Your goal:
Write out the listing below exactly, and omit any images you find in it.

Input data:
Start of Block
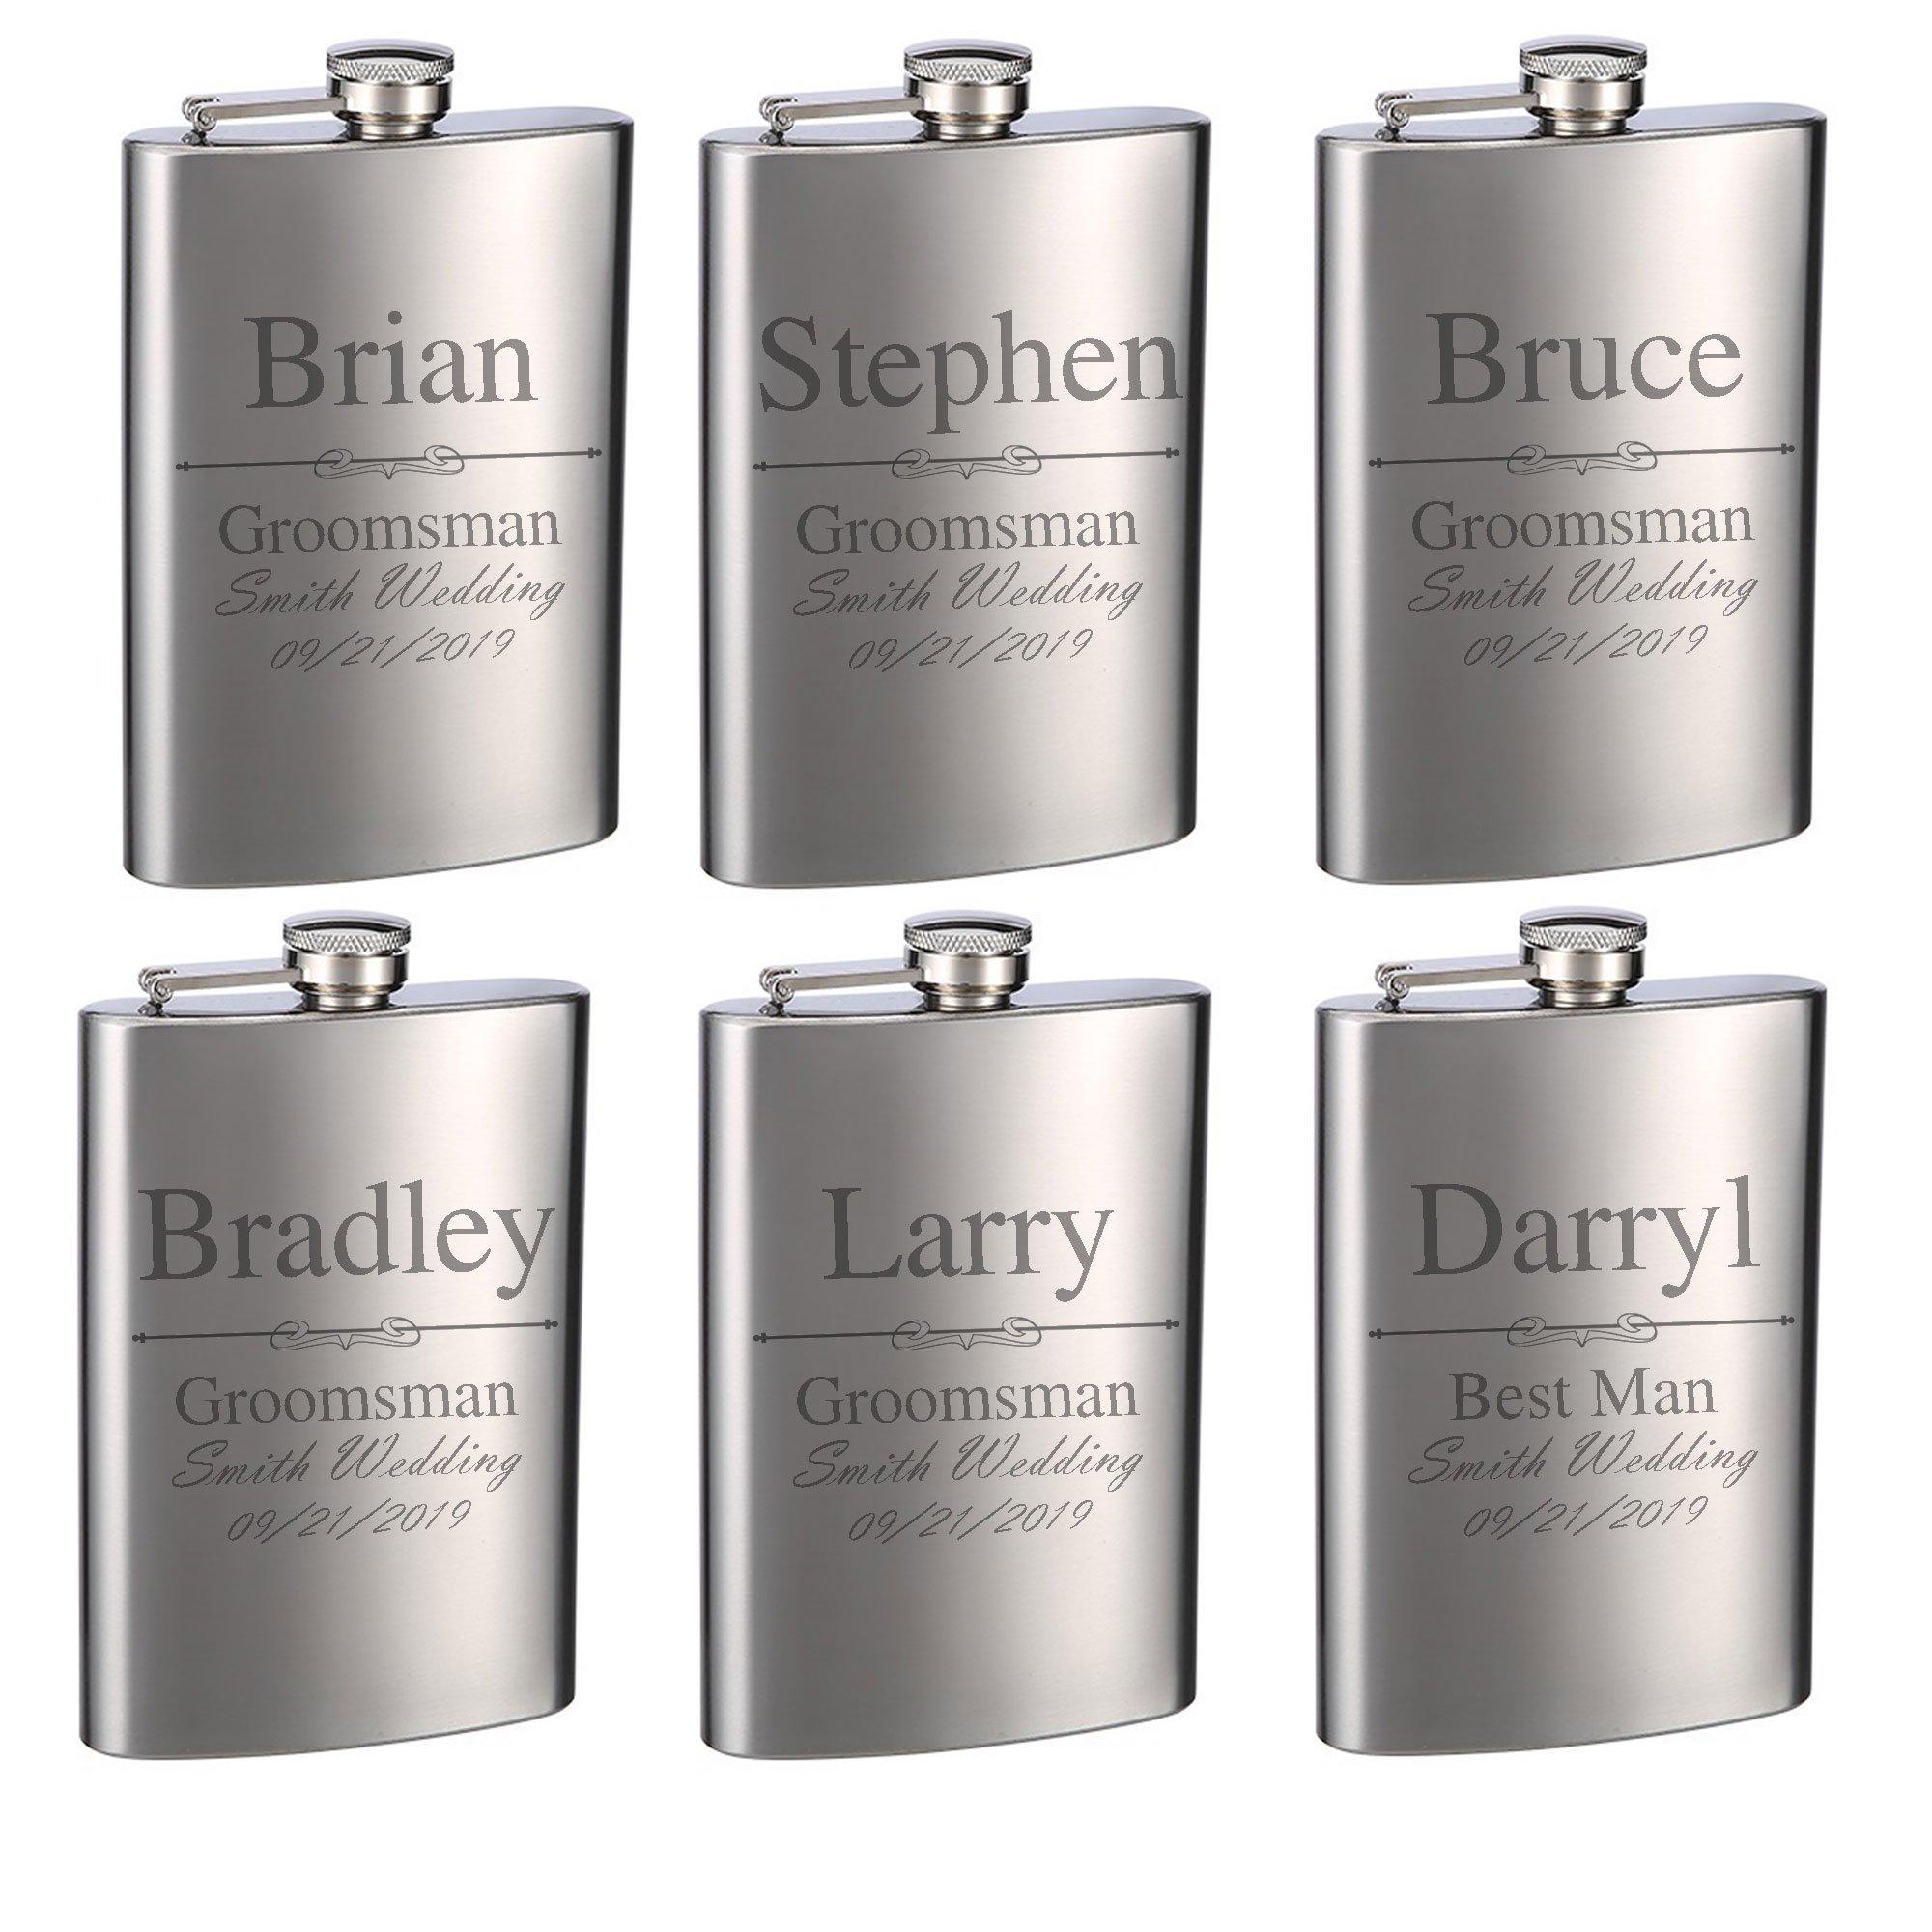 Top Shelf Flasks Personalized Custom Engraved 8oz Stainless Steel Groomsman Gift Flasks for Weddings, True Metal Etching Lasts a Lifetime, Set of 6 by TOP SHELF FLASKS
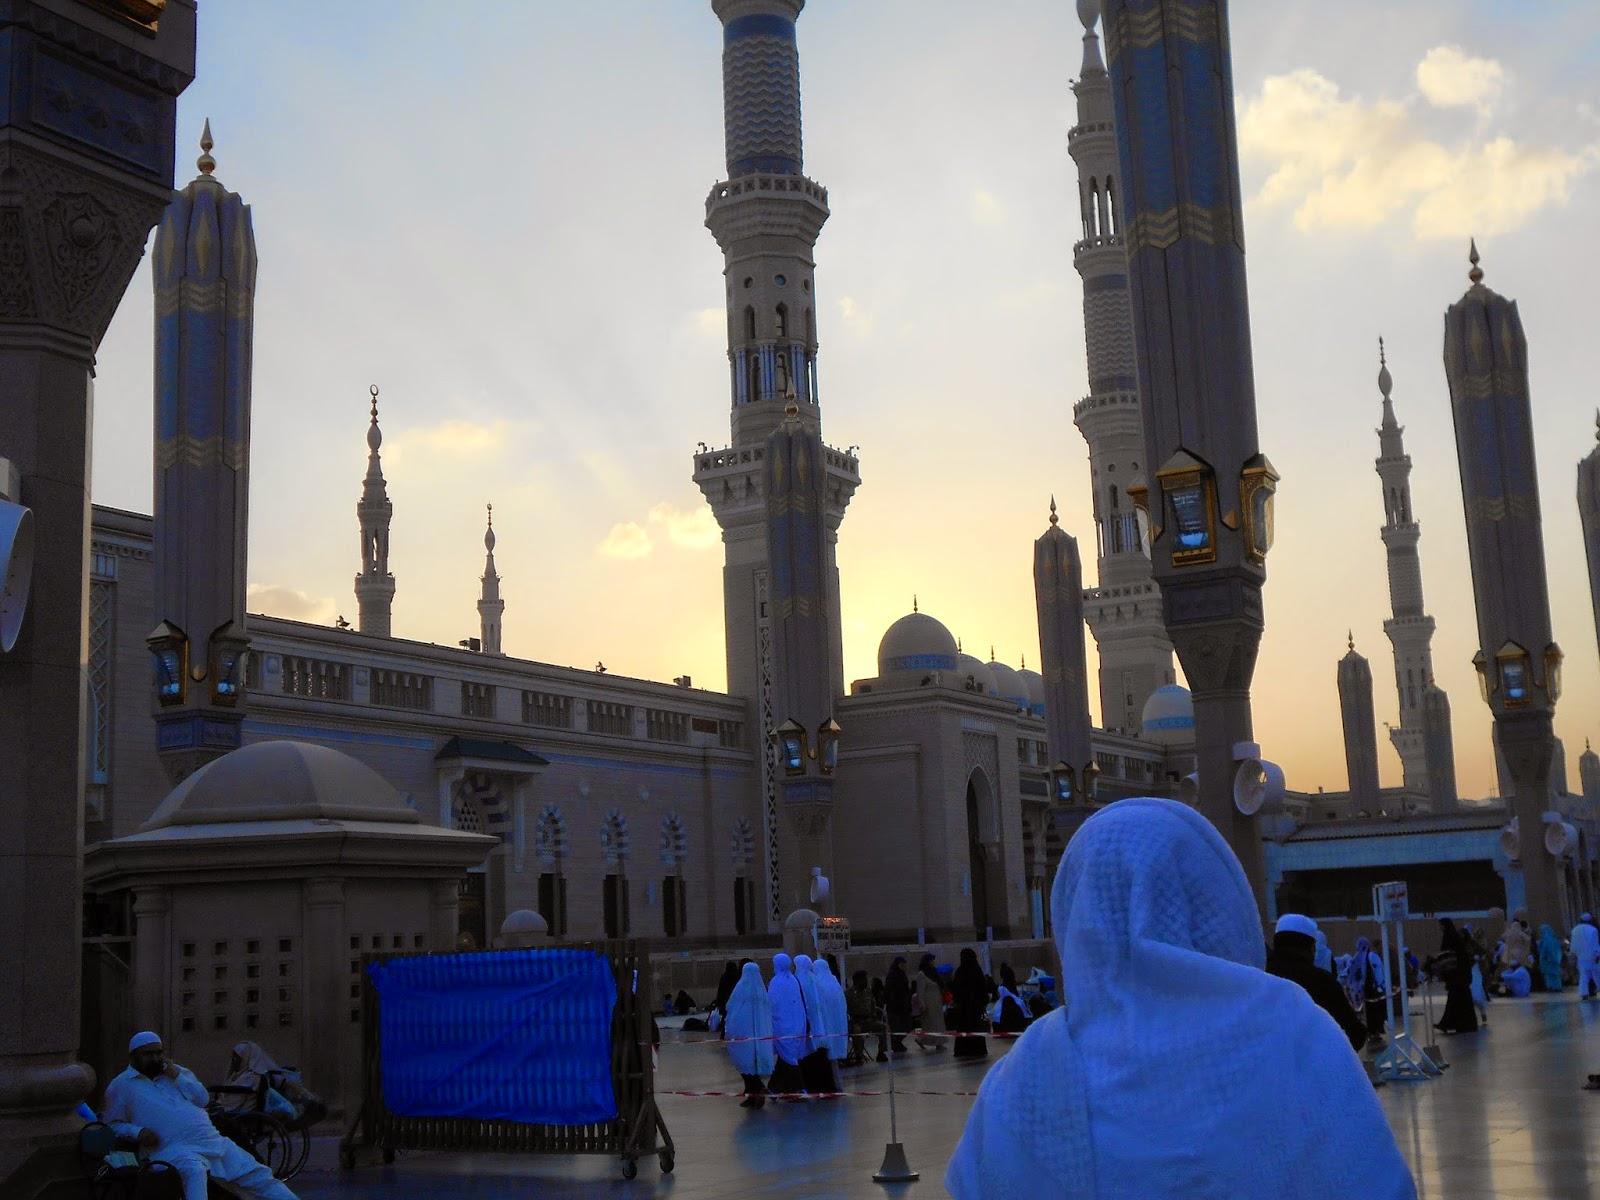 Pengalaman mendebarkan di Masjid Nabawi Madinah
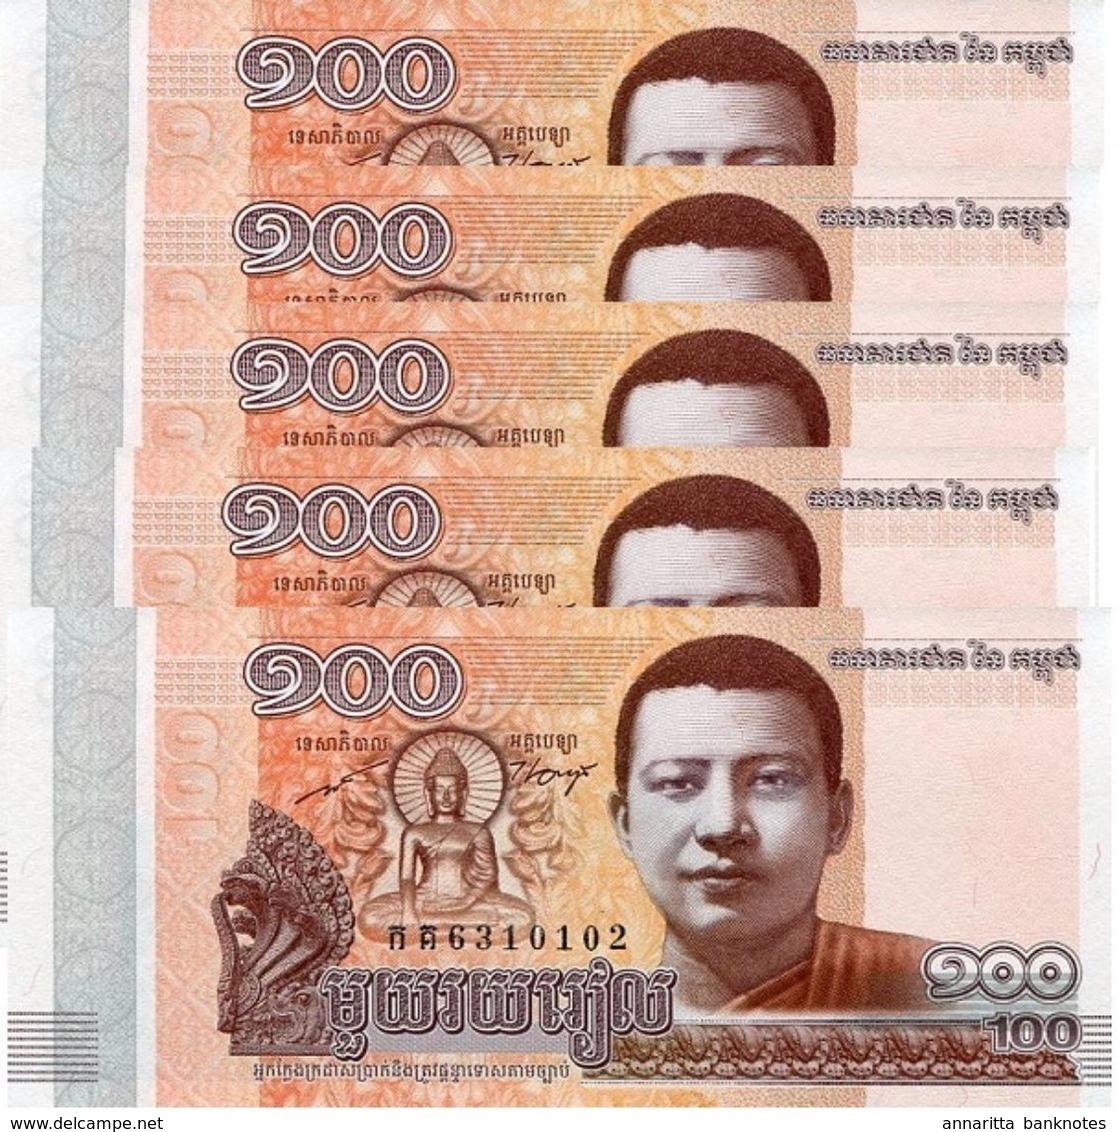 CAMBODIA 100 RIELS 2014 (2015) P-65a UNC 5 PCS [KH428a] - Cambodia
End of Block
Exercise output:
 Top Shelf Flasks Personalized Custom Engraved 8oz Stainless Steel Groomsman Gift Flasks for Weddings, True Metal Etching Lasts a Lifetime, Set of 6 by TOP SHELF FLASKS
 Pengalaman mendebarkan di Masjid Nabawi Madinah
 CAMBODIA 100 RIELS 2014 (2015) P-65a UNC 5 PCS [KH428a] - Cambodia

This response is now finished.